> [Provided data]
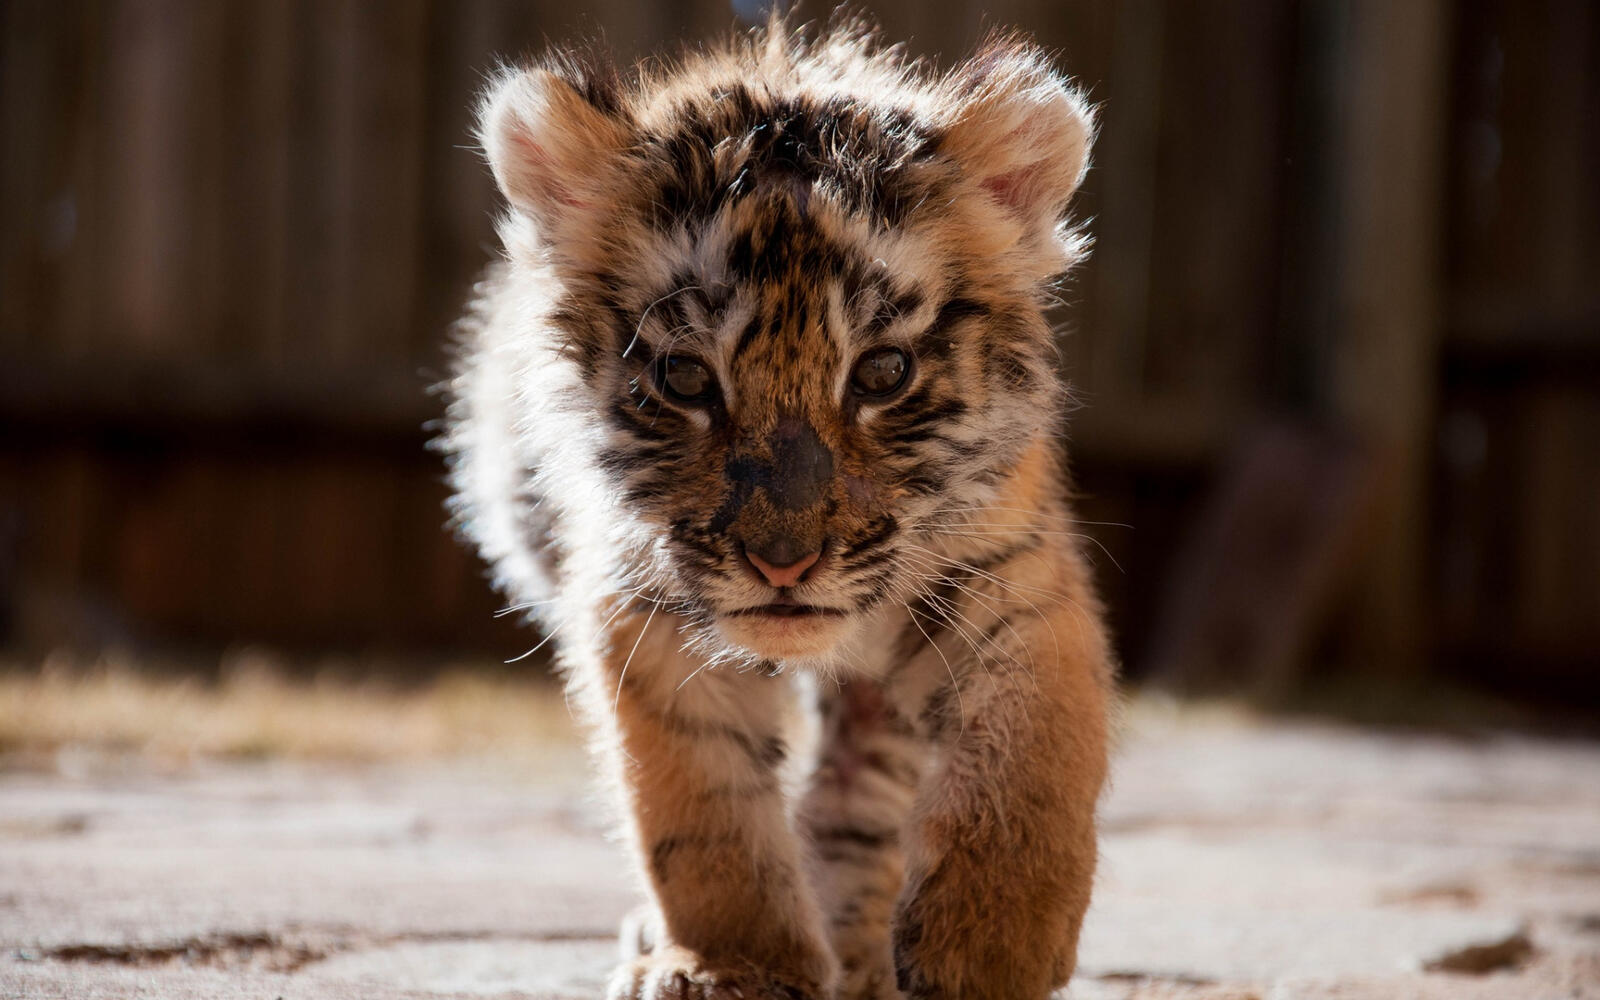 Wallpapers tiger cub kitten predator on the desktop
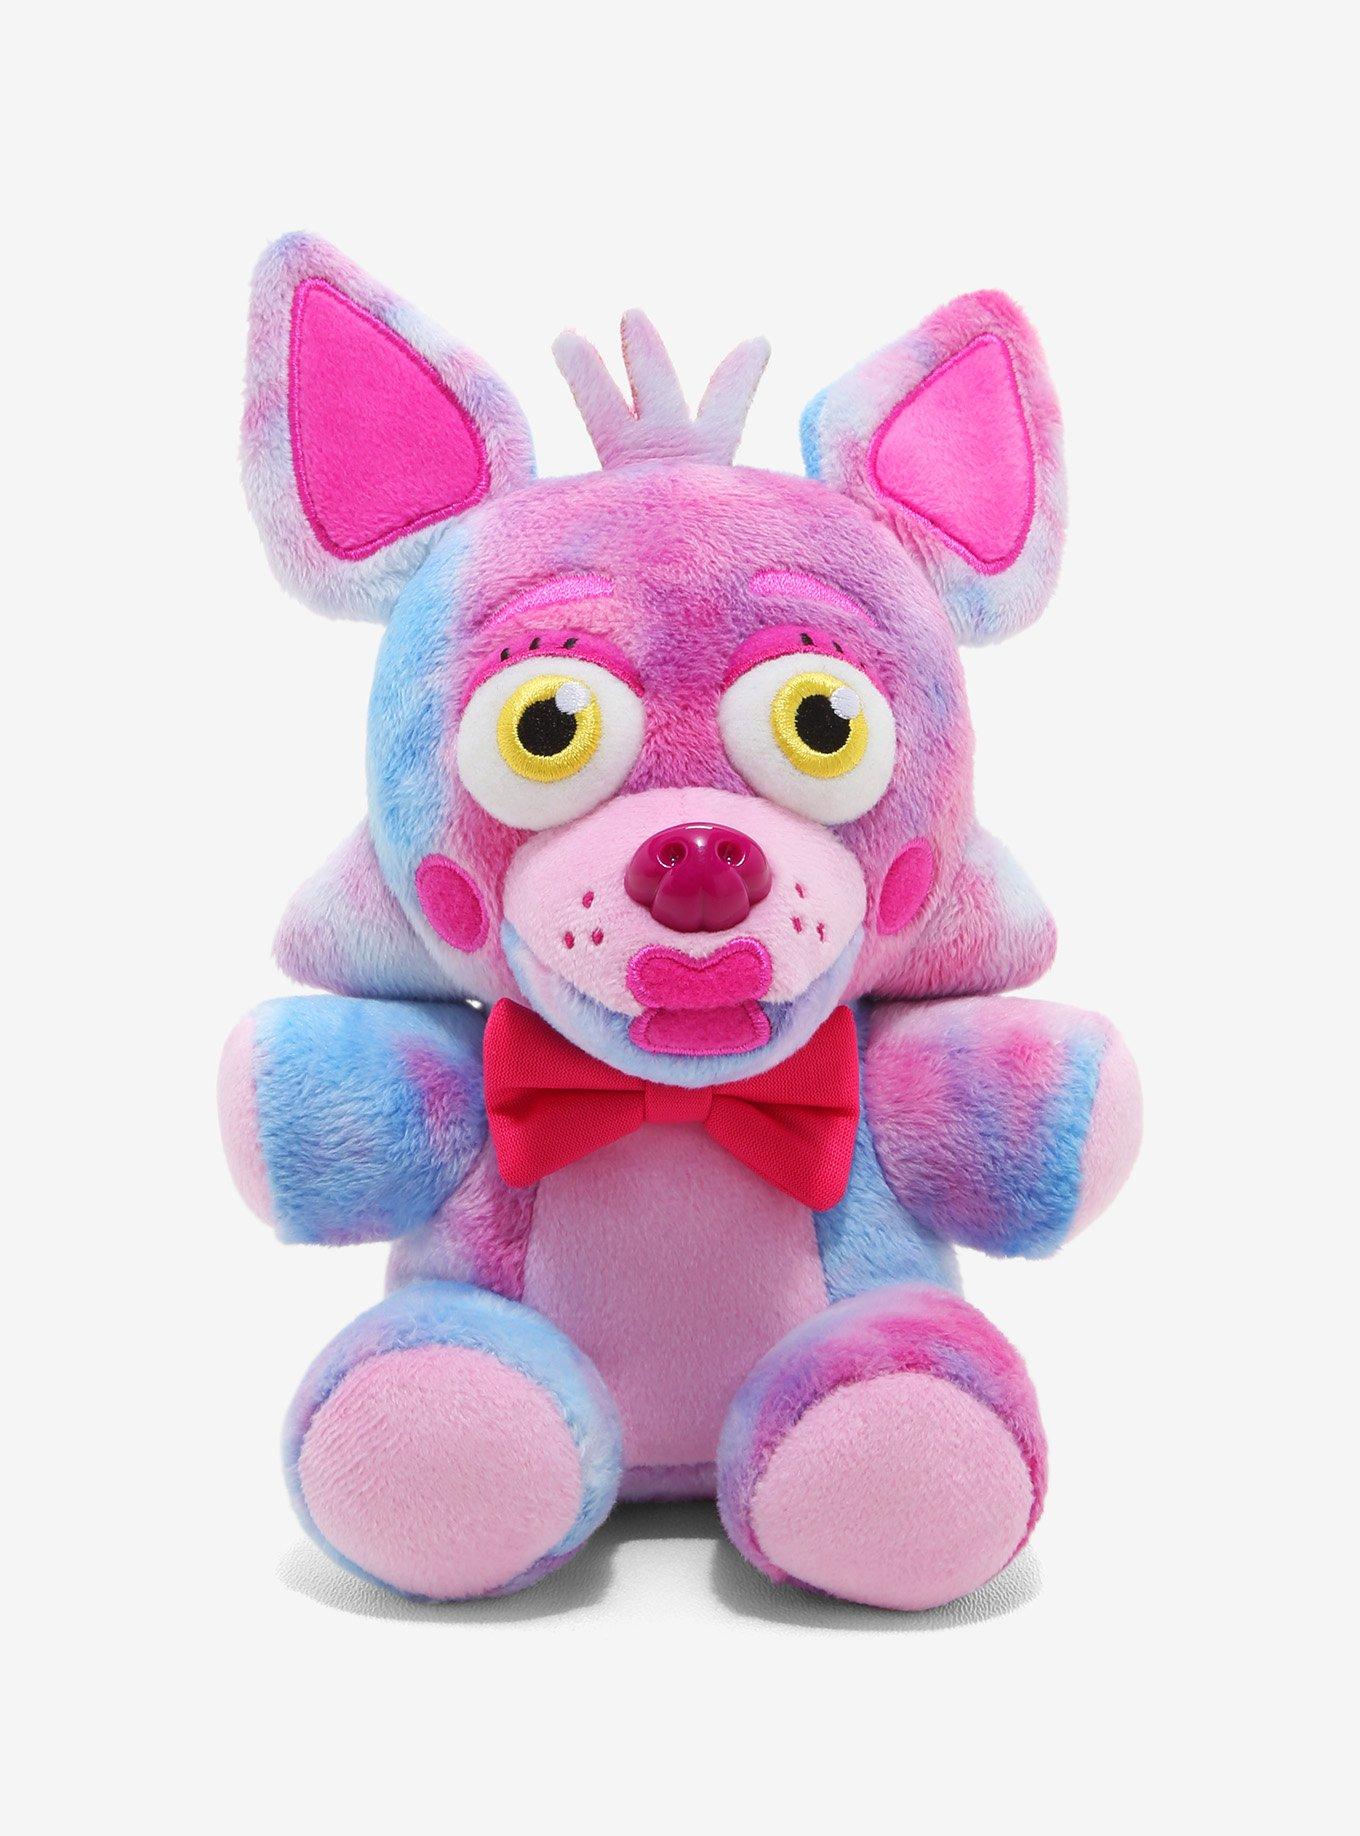 Funko Plush: Five Nights at Freddy's Tie-Dye - Foxy plush toy
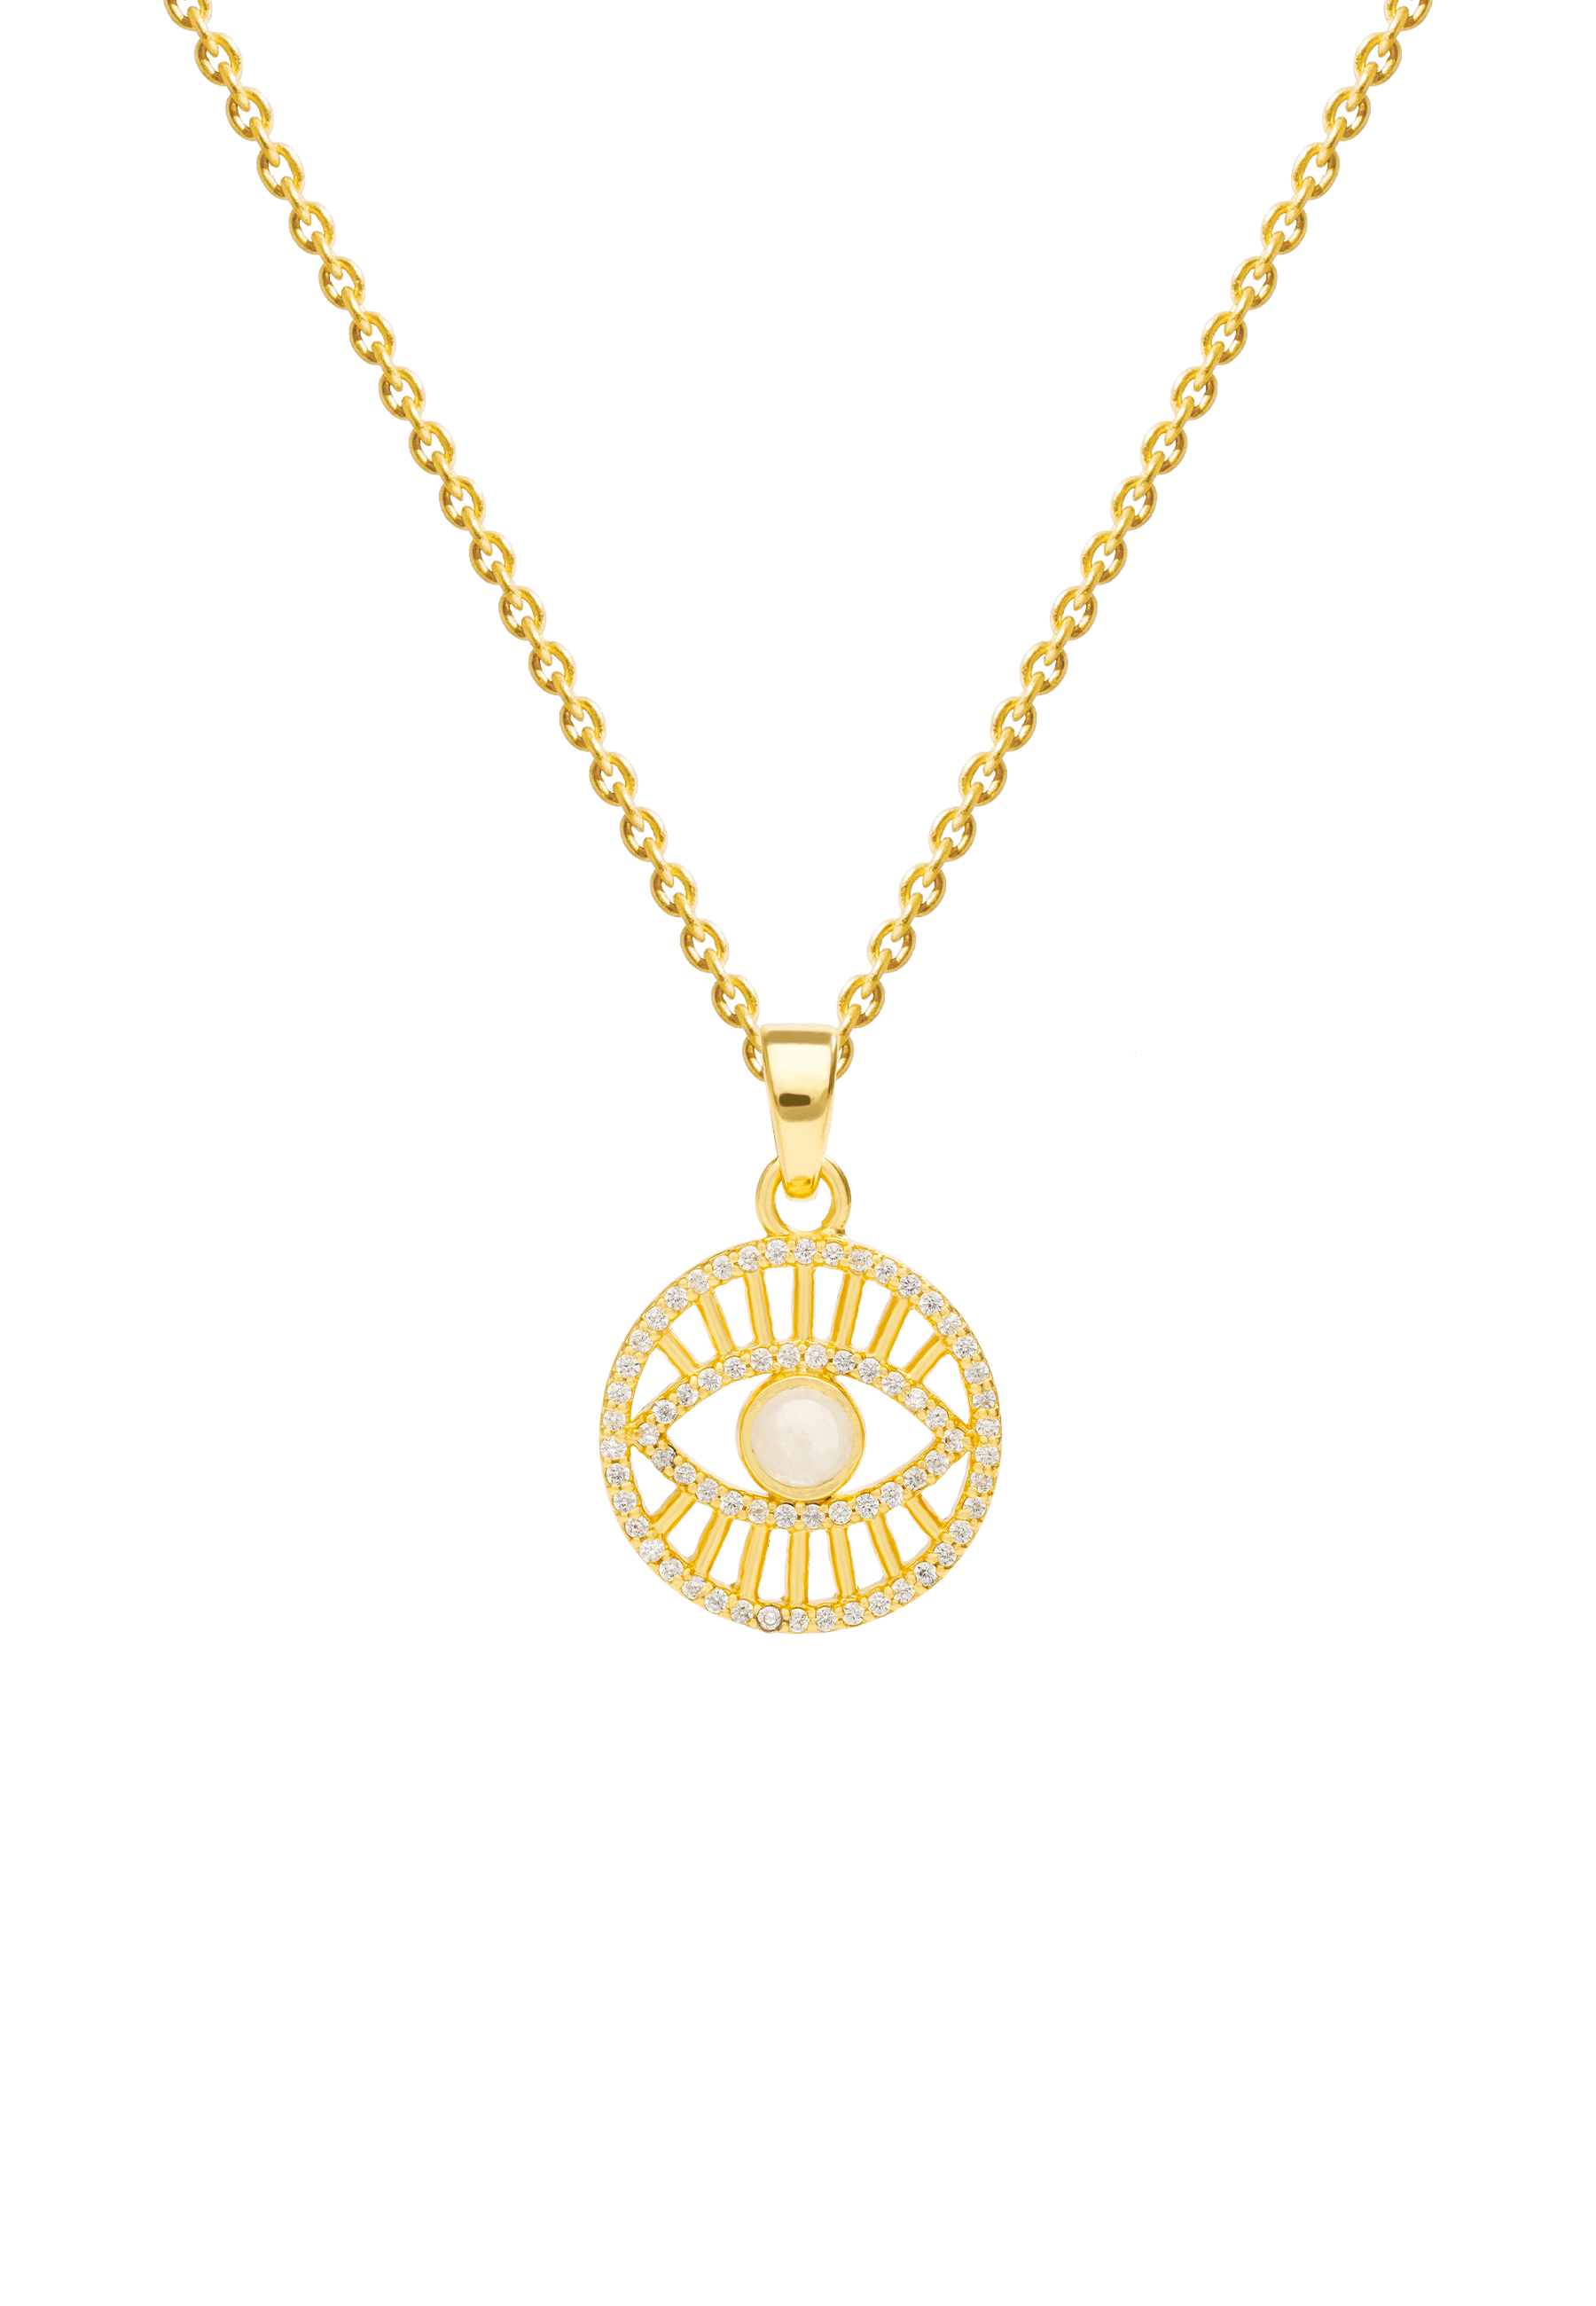 Throat Chakra Necklace, Third Eye Jewelry Reiki Energy Pendant

> [Directions for this task] Drop the pictures and set down the data above exactly.

> [Solution to the problem]
 Wallpapers tiger cub kitten predator on the desktop
 Funko Plush: Five Nights at Freddy's Tie-Dye - Foxy plush toy
 Throat Chakra Necklace, Third Eye Jewelry Reiki Energy Pendant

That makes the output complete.